Evaluating the impact of pesticide exposure on human health is challenging and requires a large study population with detailed information on personal pesticide use and farming activities. An important strength of the AHS is that it addresses these challenges, providing unique data for studying the effects of specific pesticides and farming-specific agricultural exposures. Self-reported pesticide use in the AHS is accurate and reliable(36). The potential for measurement error is important to acknowledge. During their interview, women provided information on pesticide use since their last interview and on respiratory outcomes in the past year. Therefore, for some women, “current” pesticide exposure may have occurred up to five years before the outcome was assessed. This exposure-outcome temporal gap would differ among women, and that heterogeneity may have made it less likely to see an association with pesticides. Our study does have some limitations. Due to the low prevalence of pesticide use among women in our study, we were unable to consider severity or frequency of wheezing episodes. Because our analysis is cross-sectional, we cannot be sure if pesticide use preceded wheeze. Nor can we be sure of the closeness or ordering in time among each woman’s specific exposures. We did not undertake analysis of mixtures as analysis of potential combinations of agents is particularly challenging in our sample – partly because of the temporal issue already mentioned and partly because few women reported exposure to multiple specific pesticides (most spouses did not regularly engage in pesticide application).

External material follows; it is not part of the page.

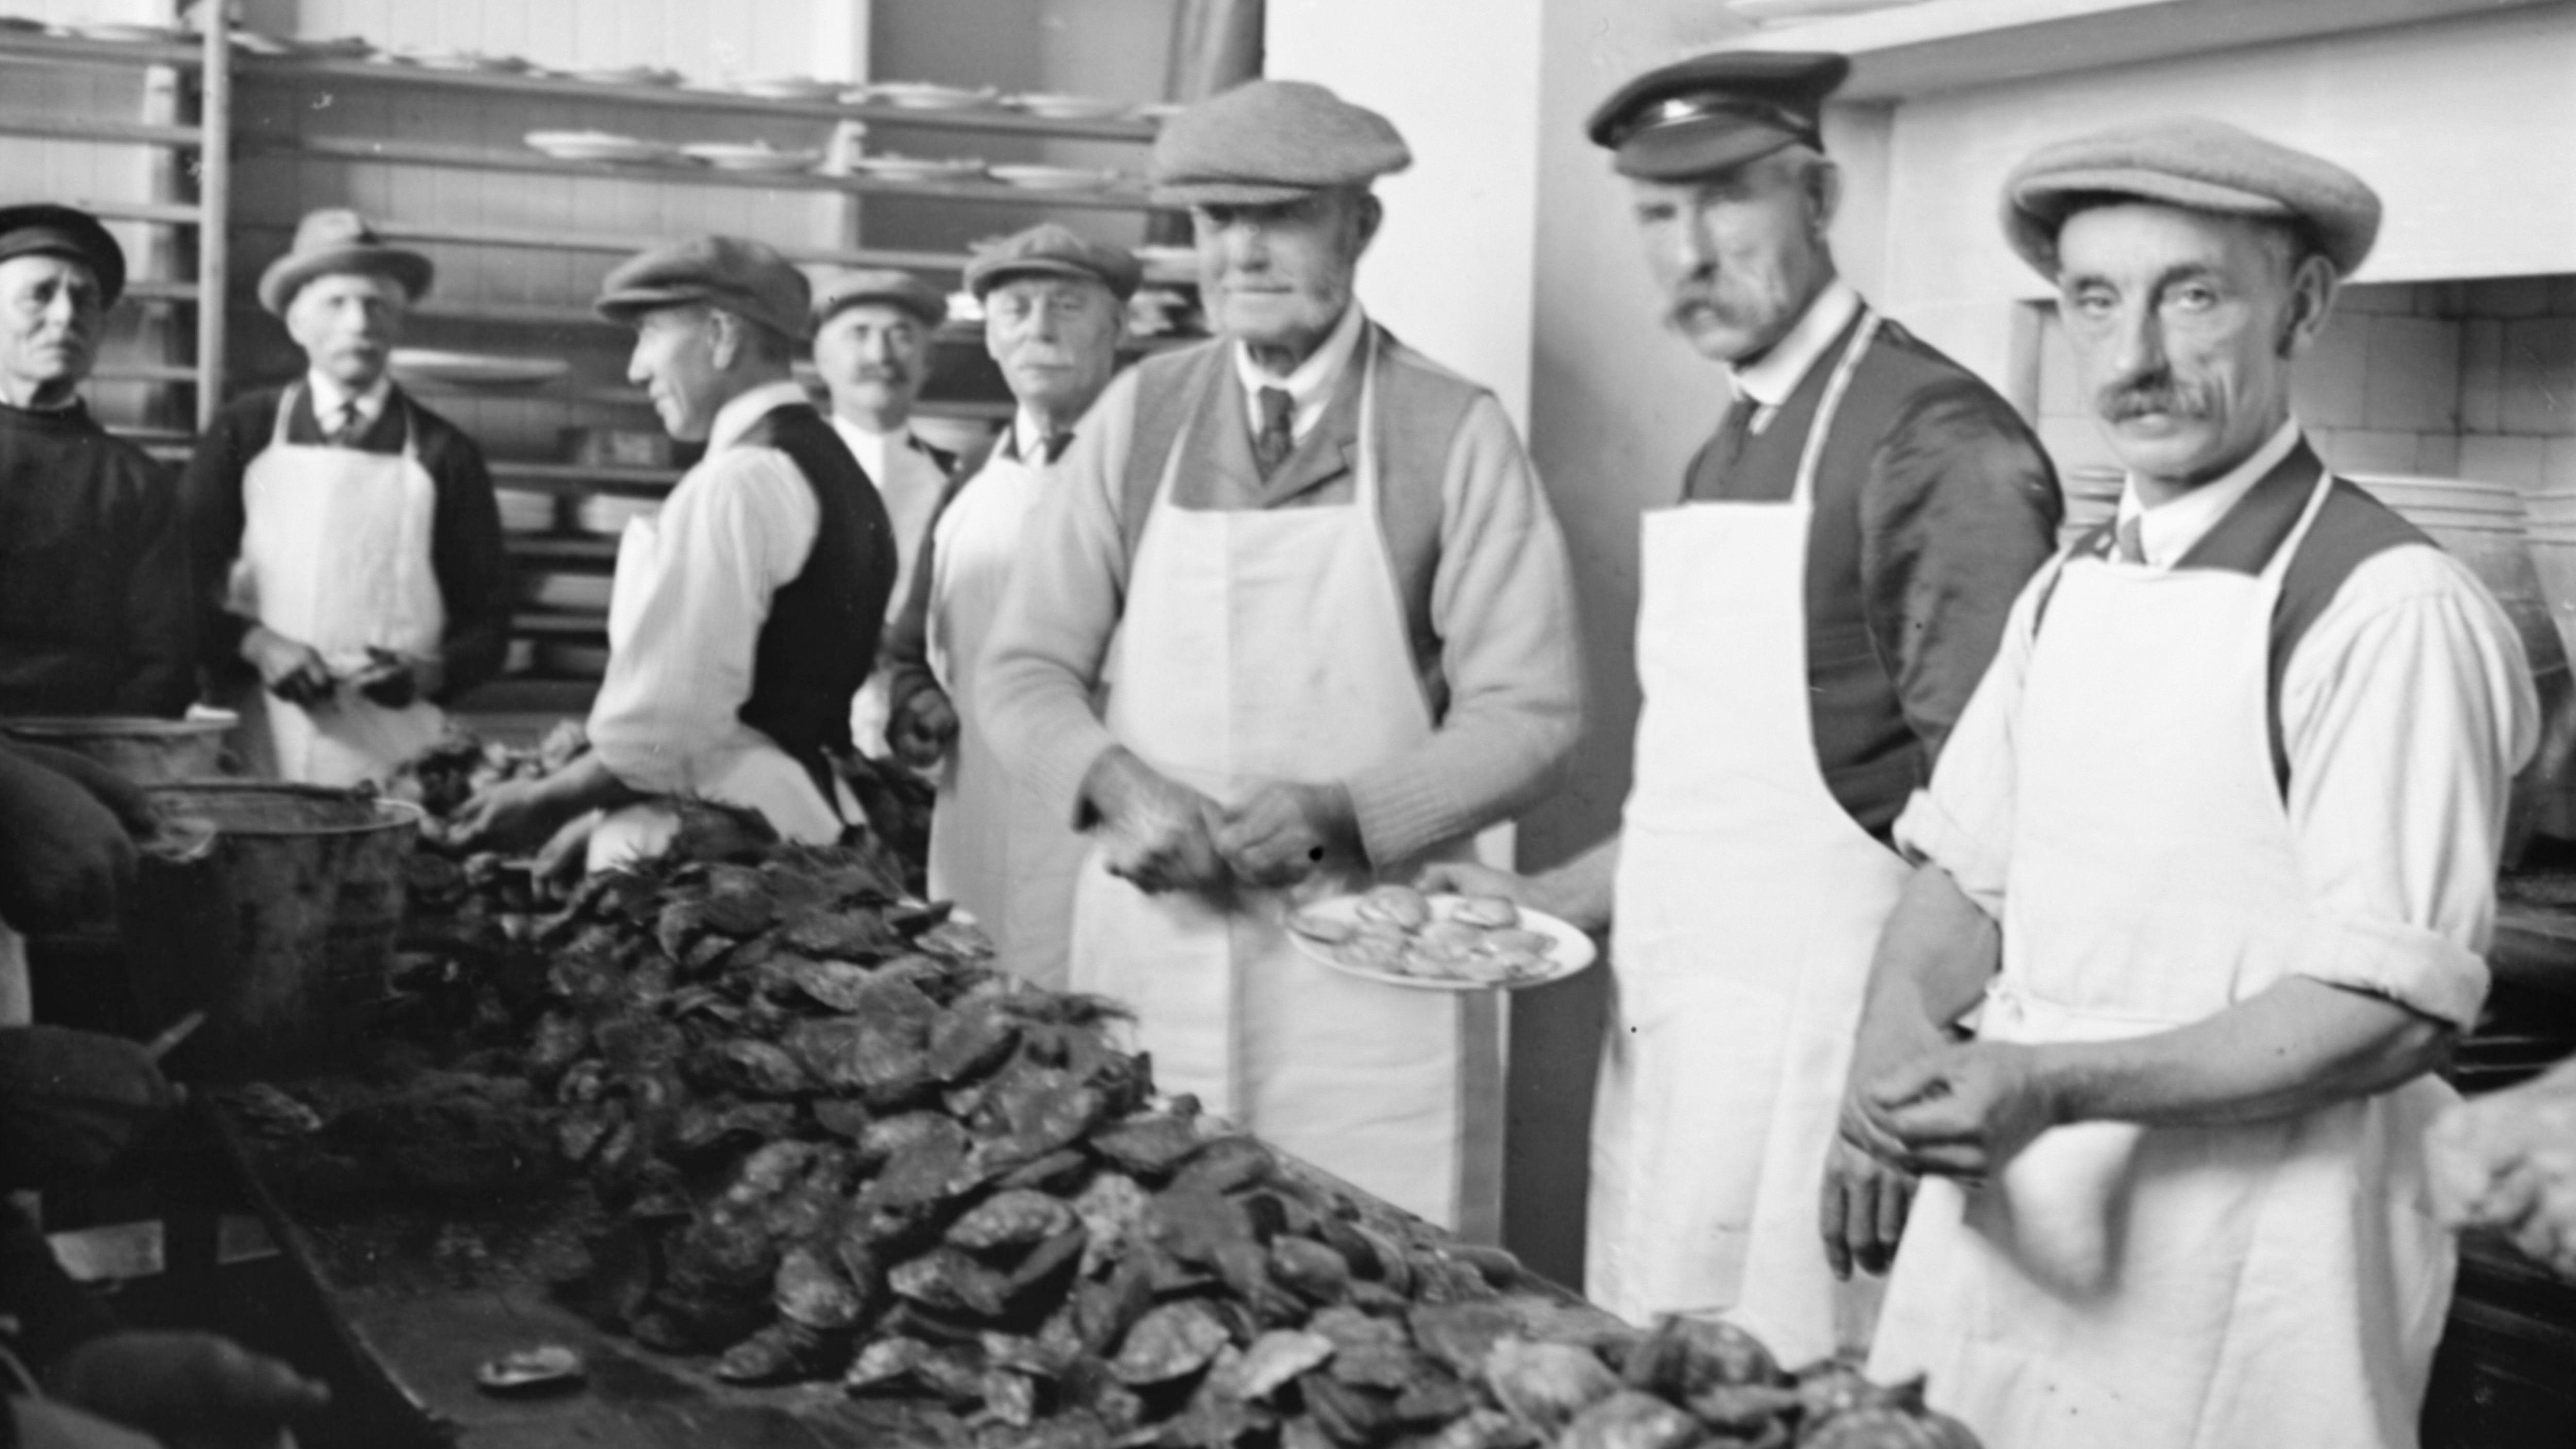 An army of men were employed in Colchester in the 1920s to open oysters for an annual festival

The pesticides that we studied do not appear to be correlated with each other (Supplementary Table 6) or with farming activities (Supplementary Table 7). Nevertheless, to minimize potential for confounding from correlated pesticides, we conducted sensitivity analyses and adjusted for the most used pesticide, glyphosate. We cannot rule out that these observed associations may be related to other ingredients included in the pesticide formulation; we cannot disentangle these associations due to the lack of publicly available data on these ingredients. The associations may also be influenced by other unidentified environmental factors or measured exposures not accounted for in our models. For example, protective factors may play a role in the associations with poor respiratory outcomes such as wheeze. We were able to evaluate the role of living on a farm (Supplementary Table 8), however, did not observe differences in estimates. Finally, the confidence intervals that we report are not adjusted for multiple comparisons in accordance with common epidemiologic practice (37,38). These authors have argued against adjusting for multiple comparisons with preference for data presentation consistent with Bradford-Hill(39) criteria, where study design, analytical approach, and consistency of the evidence over time or across study populations are given priority.

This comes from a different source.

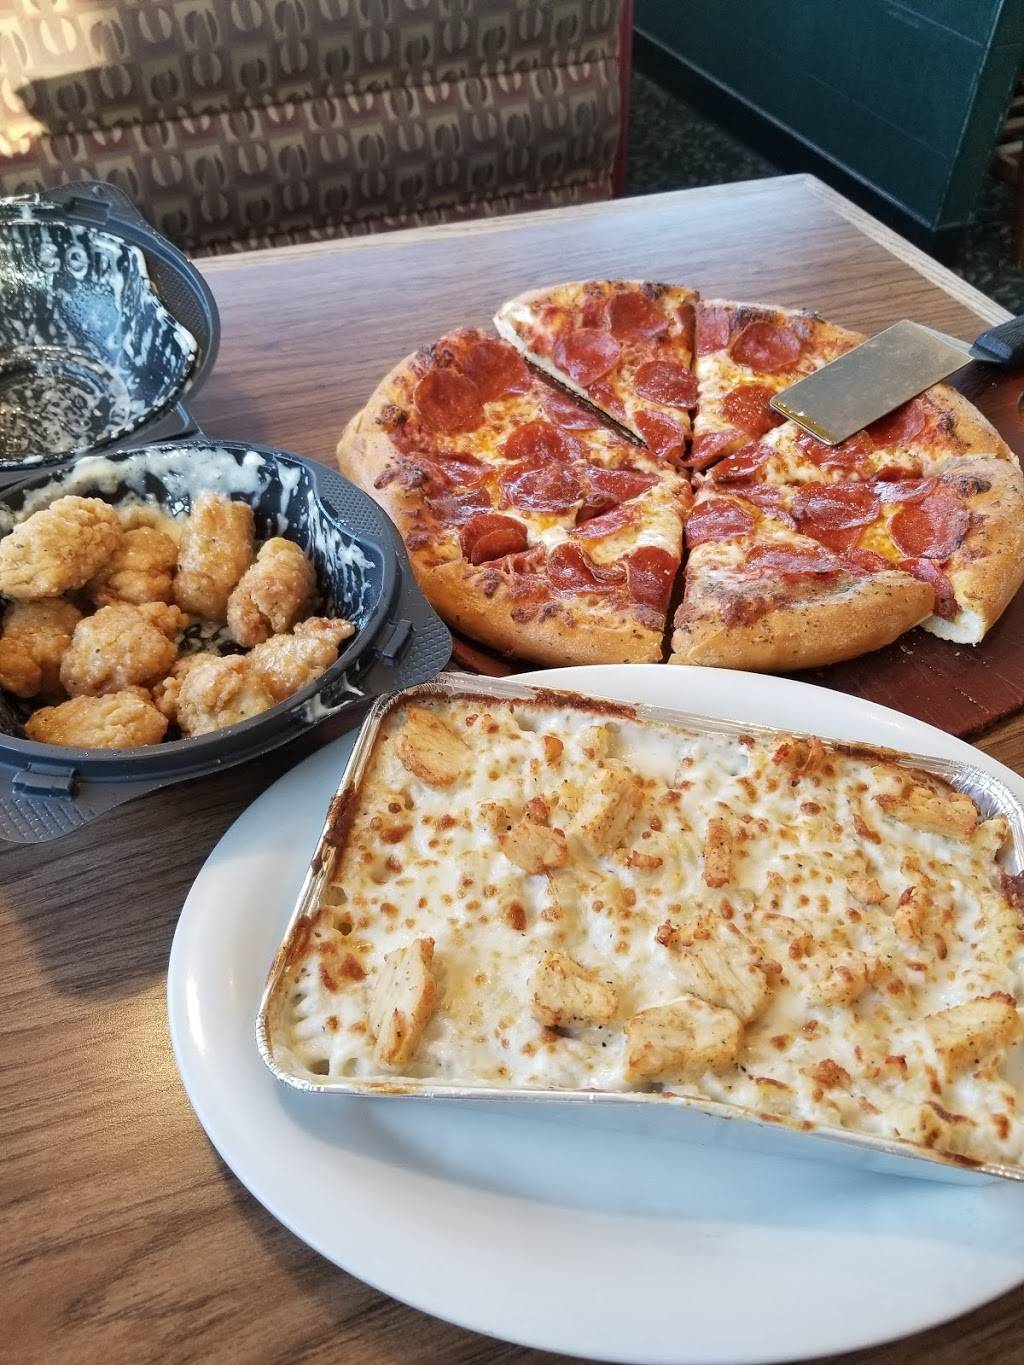 Pizza Hut | Pizza Hut, 124 N Chicago Ave #466, South Milwaukee, WI 53172 | Phone: (414) 764-2330

This work represents the most comprehensive analysis of specific pesticide use as a risk factor for allergic and non-allergic wheeze among women to date. Although women in the AHS reported very limited use of pesticides, four of the 15 pesticides evaluated were associated with either allergic or non-allergic wheeze. While this analysis was limited to female farmers who, most likely, have more commonly applied pesticides compared to the general population, the chemicals that they use are not exclusively agricultural. Our analysis included commonly used residential pesticides, such as glyphosate, 2,4-D, permethrin, and carbaryl, which underscores the significance of our findings and relevance to pesticide users in both residential and commercial settings. Future research studies should evaluate potential biological mechanisms of these chemicals and evaluate ways to minimize risk of exposure.

Supplementary Material

Supp1

What is already known about this subject?

Use of specific pesticides is associated with respiratory symptoms including asthma and wheeze in men. Epidemiologic studies and studies using animal models suggest that associations with pesticides are stronger in individuals with allergy.

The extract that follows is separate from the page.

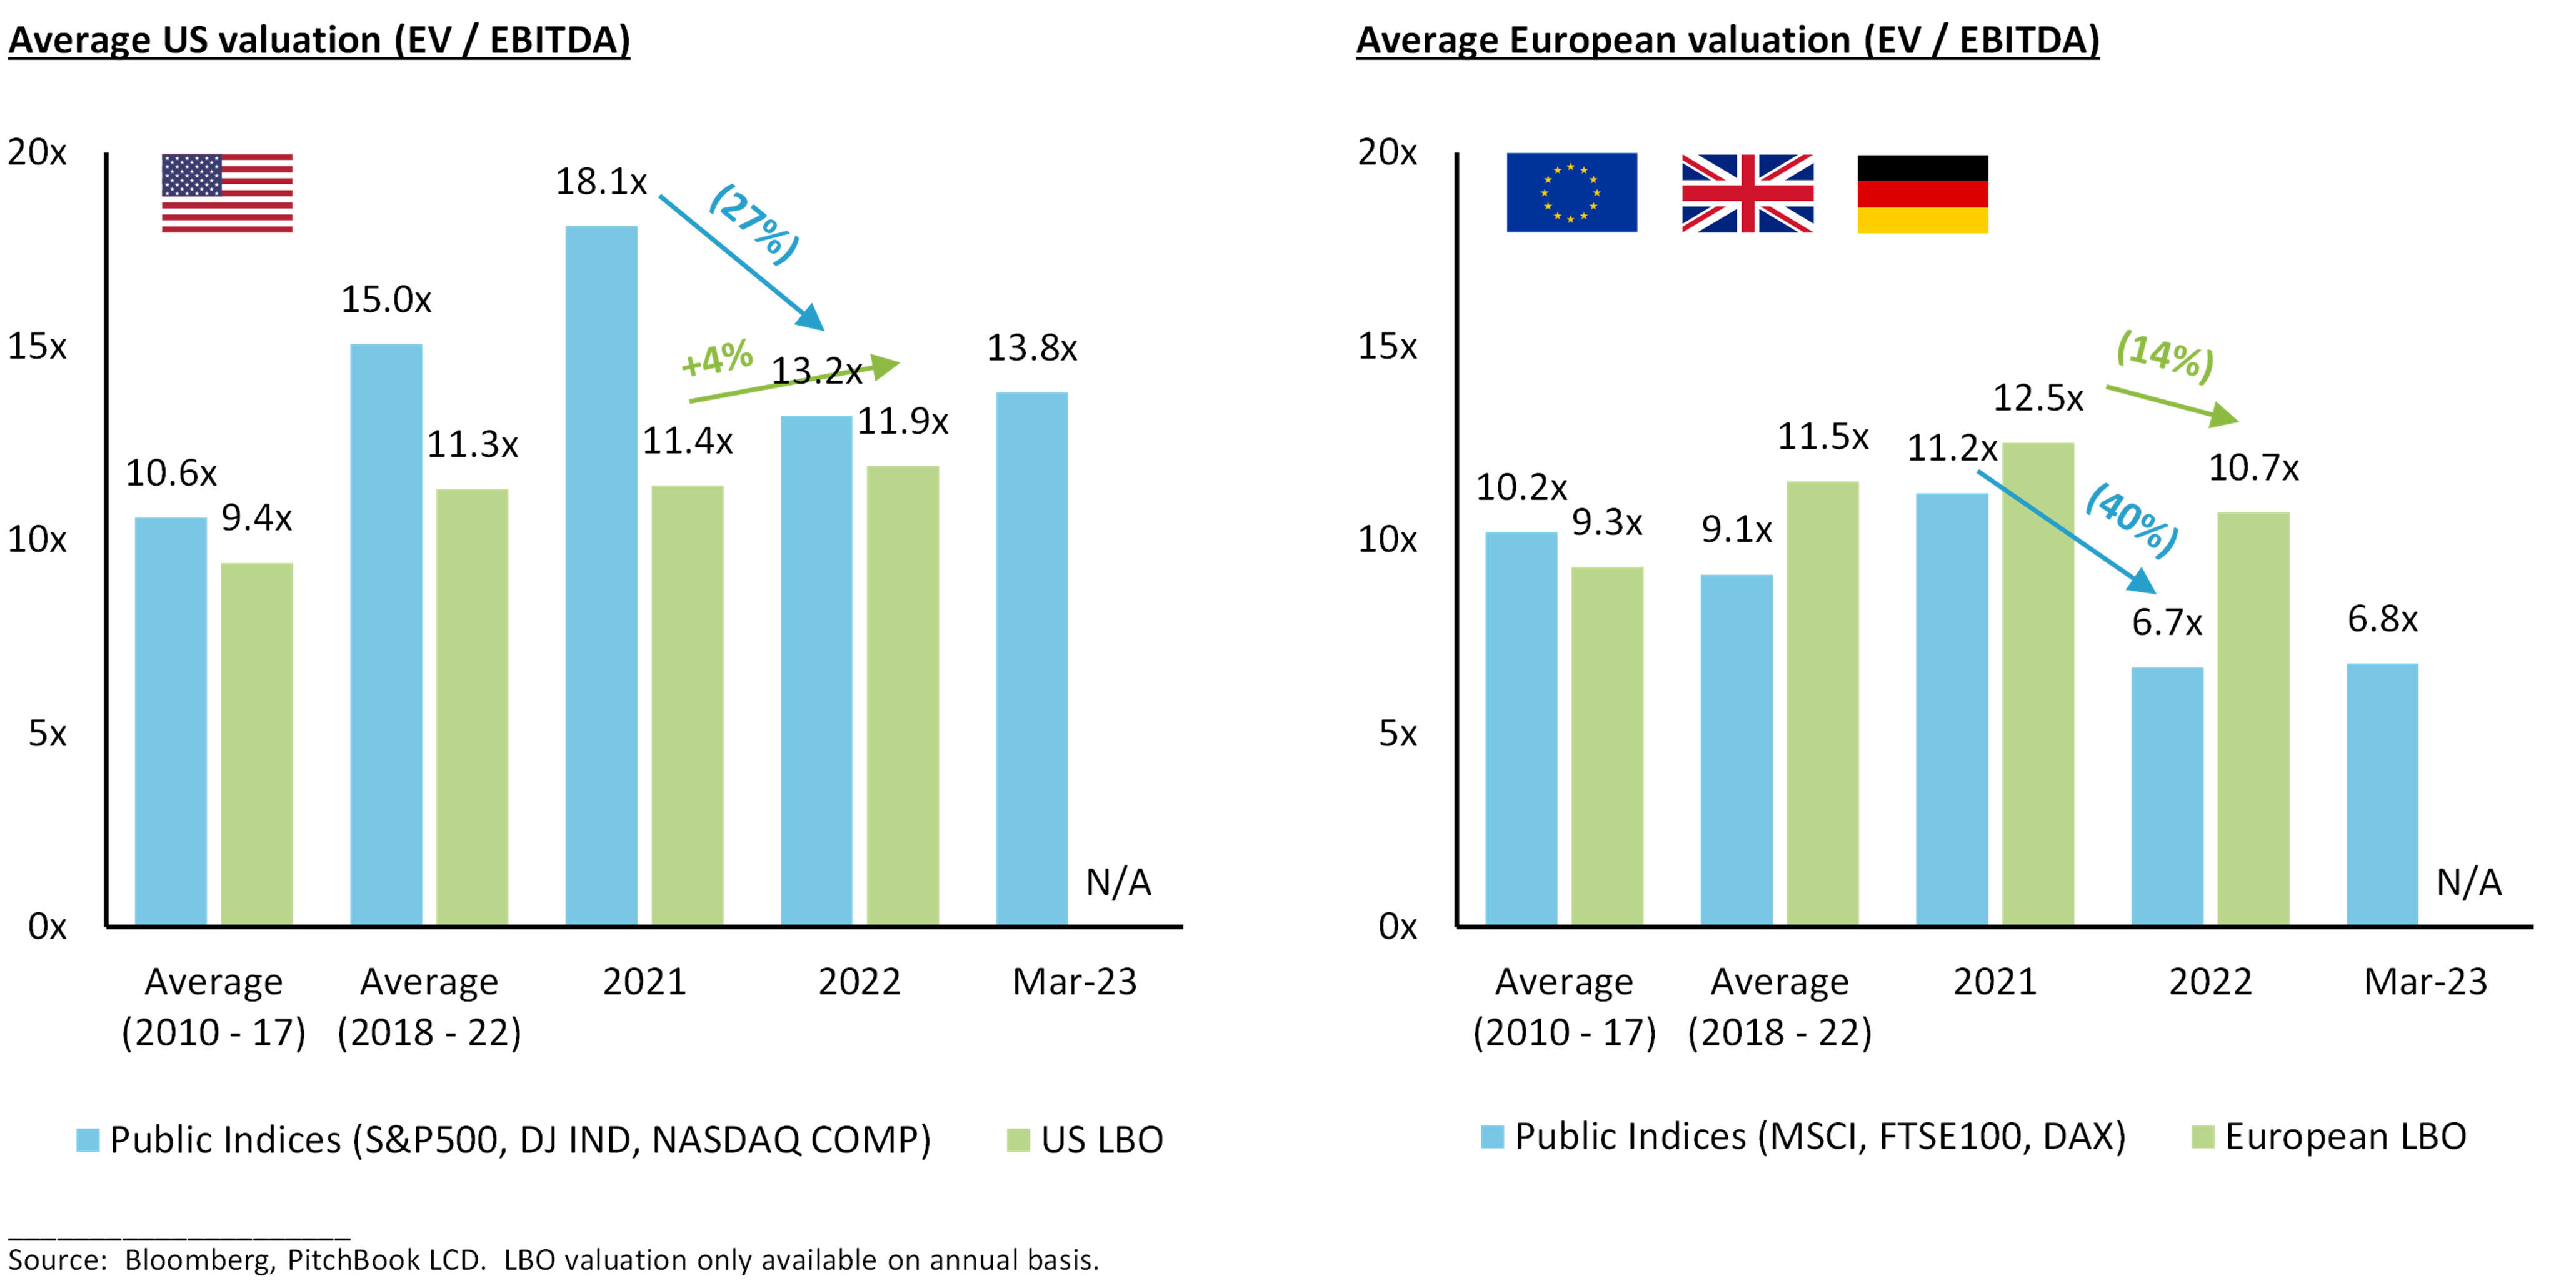 Two bar graphs - average US valuation and average European valuation

What are the new findings?

Specific pesticides that are commonly used in agricultural and residential settings, including glyphosate, were associated with both allergic and non-allergic wheeze in women. Working with moldy hay may also contribute to allergic and non-allergic wheeze among farm women.

How might this impact on policy or clinical practice in the foreseeable future?

Given the widespread use of these pesticides in both agricultural and residential settings, pesticides should be considered respiratory risk factors by health care providers.

Acknowledgements:

Thanks to Stuart Long for programming assistance. This work was supported by the Intramural Research Program of the National Institutes of Health, National Cancer Institute (Z01 CP 010119) and the National Institute of Environmental Health Sciences (Z01- ES 049030 to DPS). JI and JH were supported by R24 ES028526.

Funding:

This work was supported by the Intramural Research Program of the National Institute of Health, National Institute of Environmental Health Sciences (Z01-ES-049030) and National Cancer Institute (Z01-CP-010119).

Footnotes

The findings and conclusions in this report are those of the authors and do not necessarily represent the views of the National Institute for Occupational Safety and Health (NIOSH). Mention of any company or product does not constitute endorsement by NIOSH.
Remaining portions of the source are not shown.